__Exercise directions__
Below are records with pictures in them. Output exactly the lines from the one with "BMW X4 2021" through the one with "Gucci Doc RistoBistrò Prato menù 1 pagina", both included, and leave every picture out; give only those lines.

__Data listing__
+++
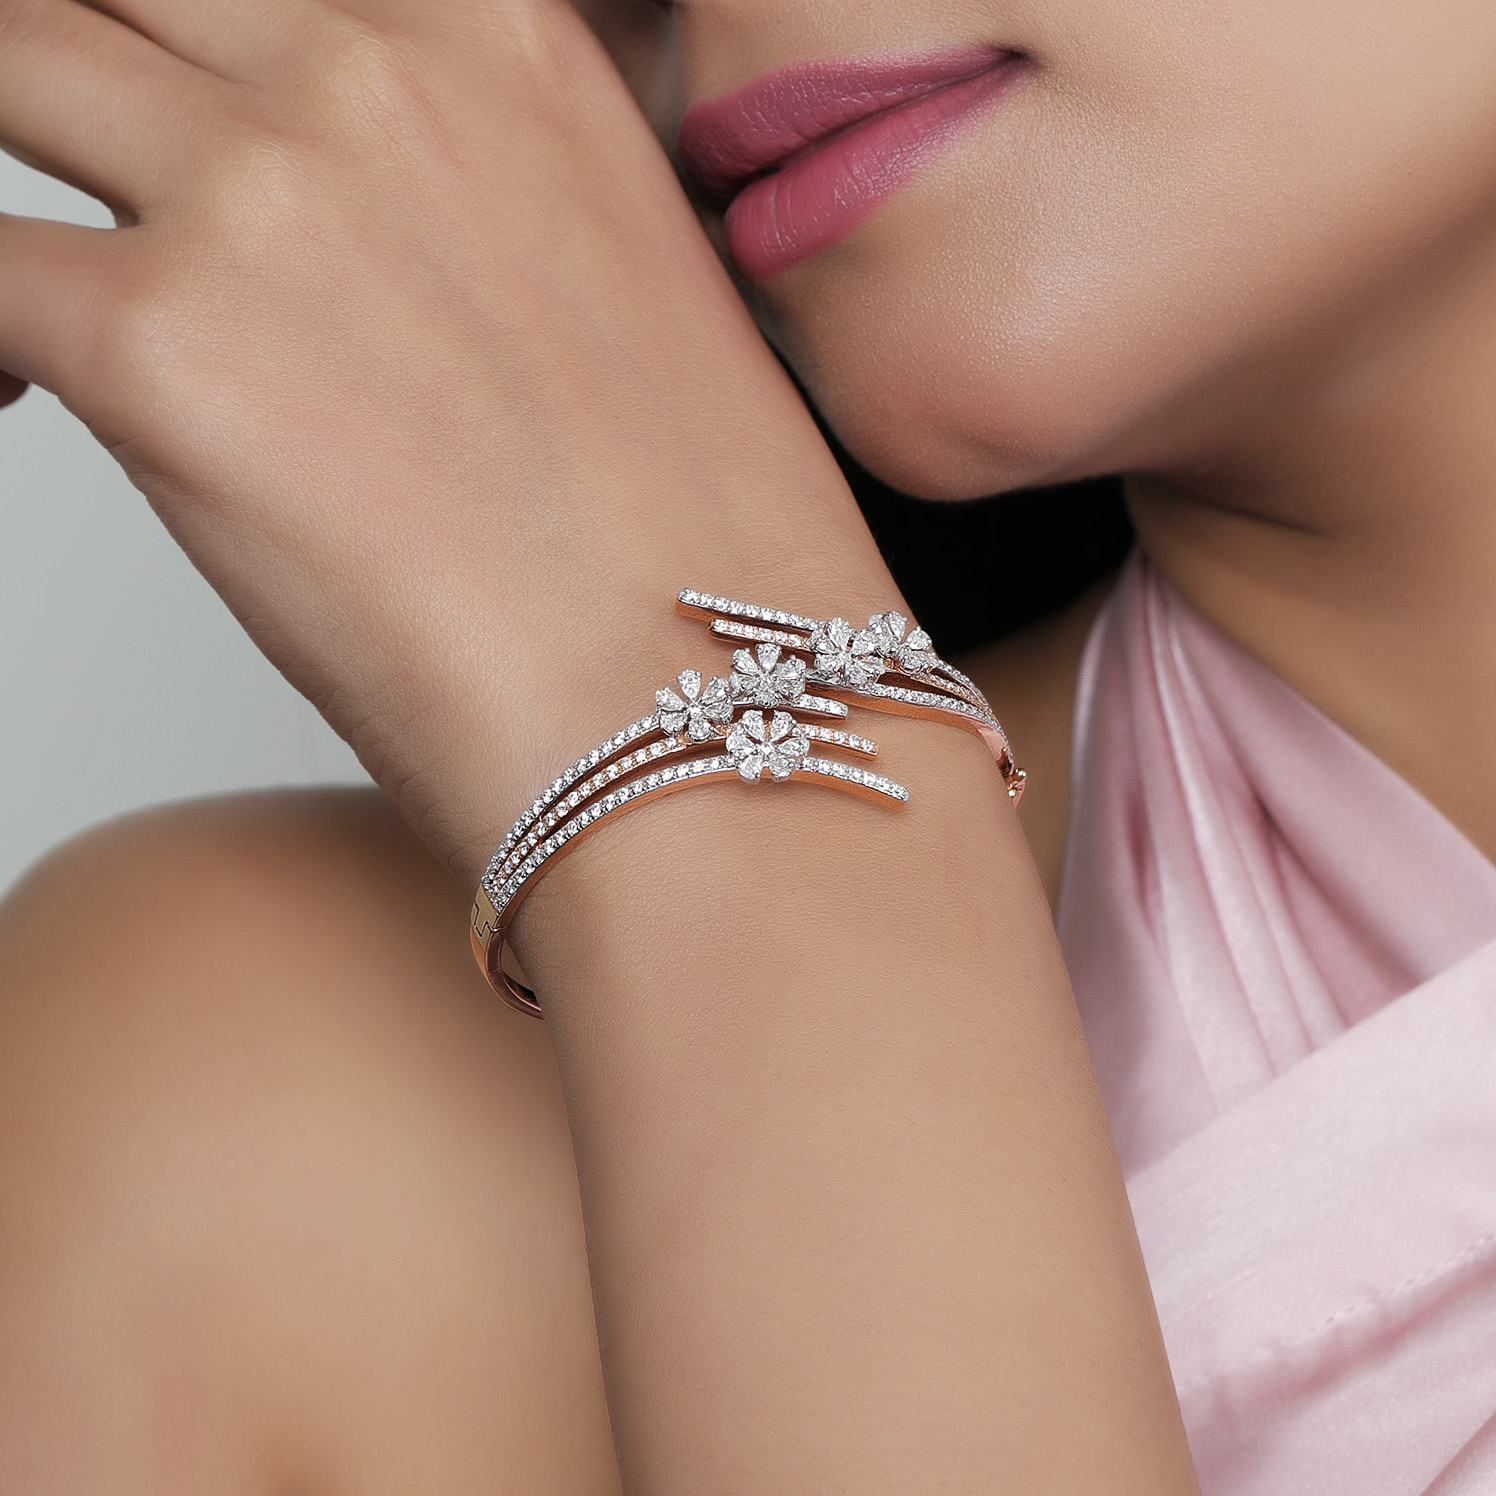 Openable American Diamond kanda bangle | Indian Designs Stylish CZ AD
+++
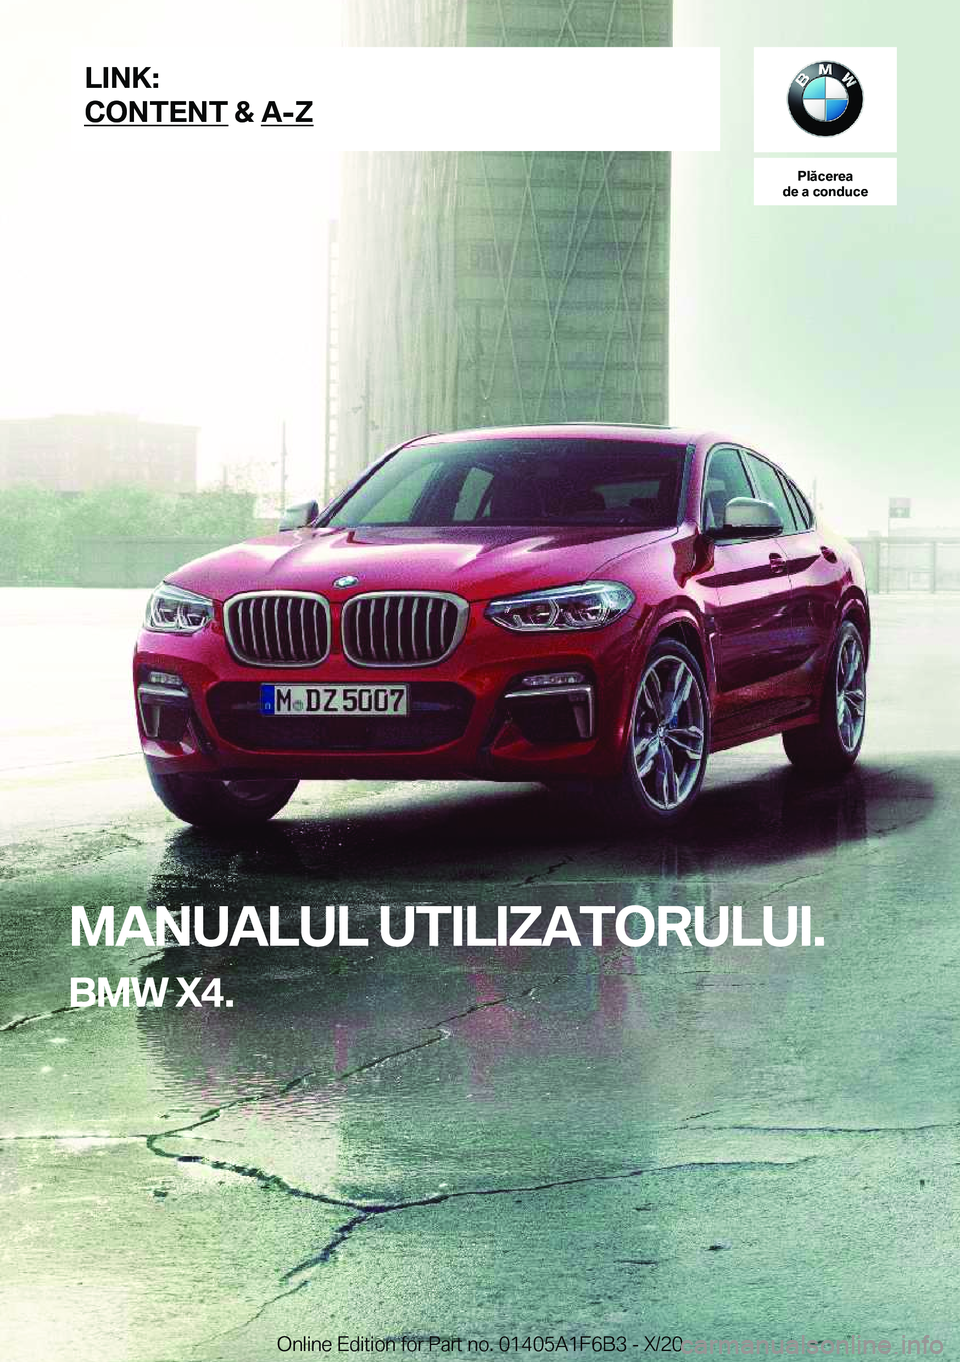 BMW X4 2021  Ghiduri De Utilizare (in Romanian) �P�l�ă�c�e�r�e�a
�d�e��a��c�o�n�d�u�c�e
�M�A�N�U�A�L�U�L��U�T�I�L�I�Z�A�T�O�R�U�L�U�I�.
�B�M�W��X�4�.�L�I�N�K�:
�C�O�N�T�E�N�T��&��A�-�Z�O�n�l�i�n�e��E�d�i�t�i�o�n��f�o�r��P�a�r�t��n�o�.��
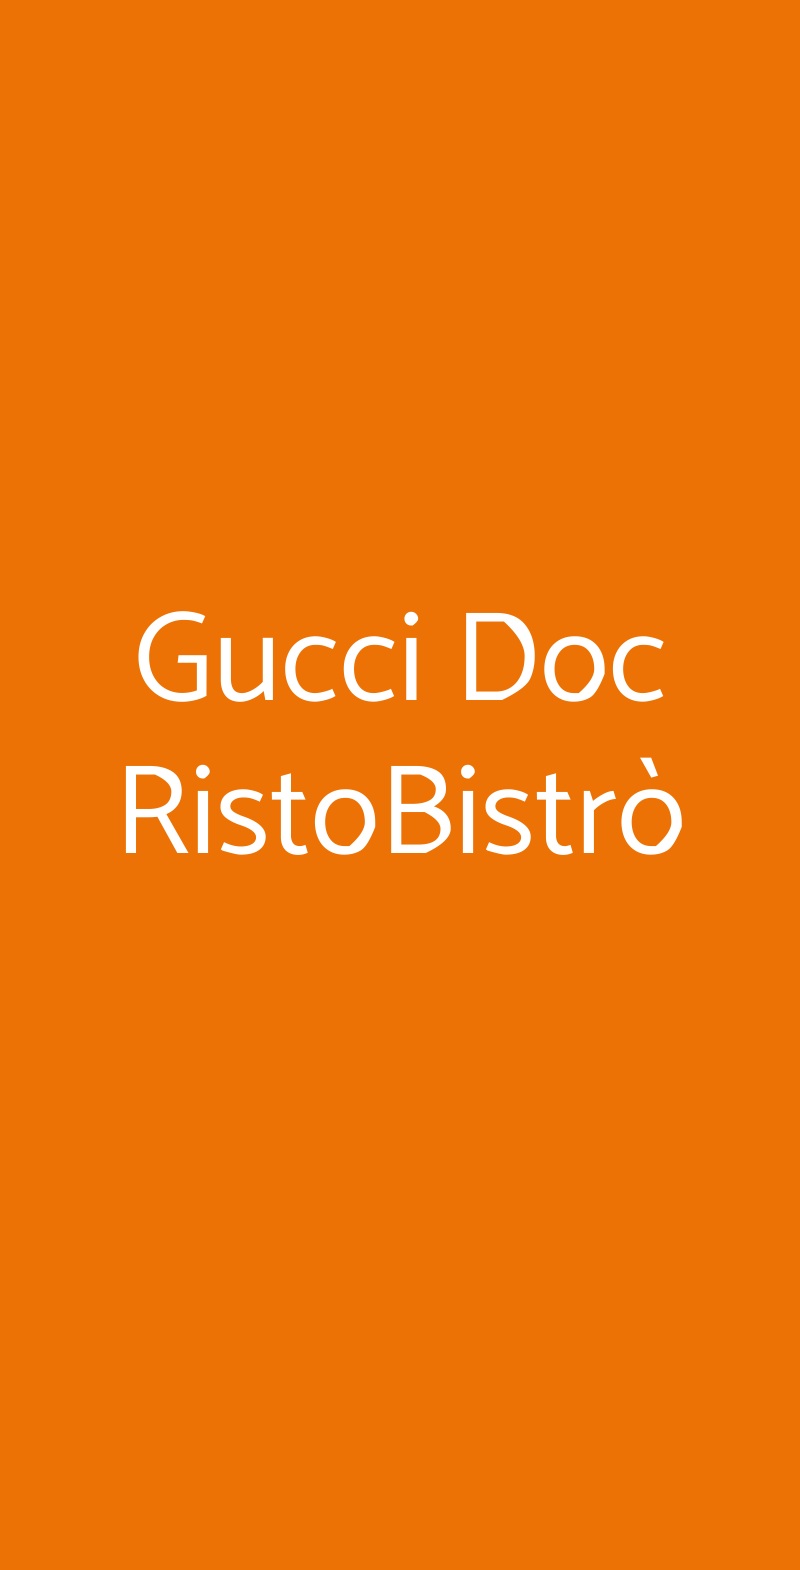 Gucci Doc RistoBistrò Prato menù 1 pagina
+++
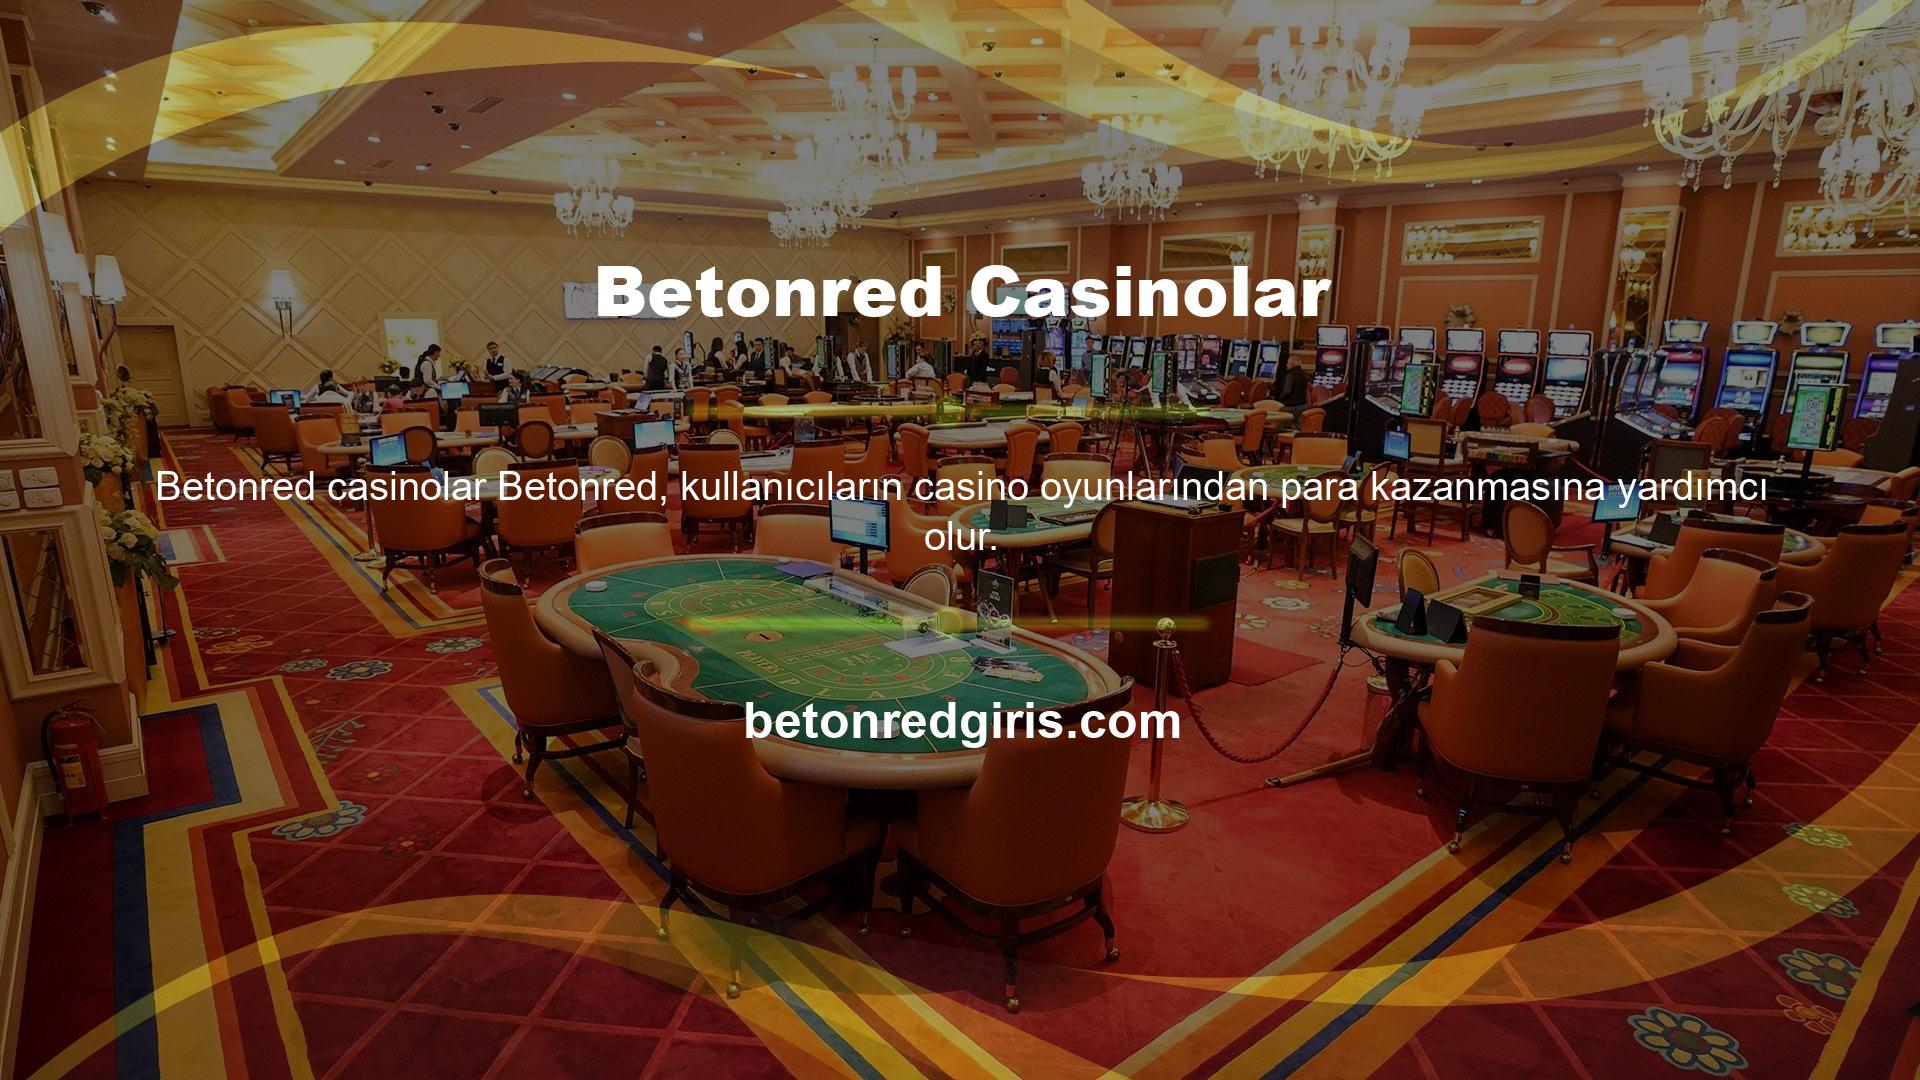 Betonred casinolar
+++
__Task solution__
 BMW X4 2021  Ghiduri De Utilizare (in Romanian) �P�l�ă�c�e�r�e�a
�d�e��a��c�o�n�d�u�c�e
�M�A�N�U�A�L�U�L��U�T�I�L�I�Z�A�T�O�R�U�L�U�I�.
�B�M�W��X�4�.�L�I�N�K�:
�C�O�N�T�E�N�T��&��A�-�Z�O�n�l�i�n�e��E�d�i�t�i�o�n��f�o�r��P�a�r�t��n�o�.��
 Gucci Doc RistoBistrò Prato menù 1 pagina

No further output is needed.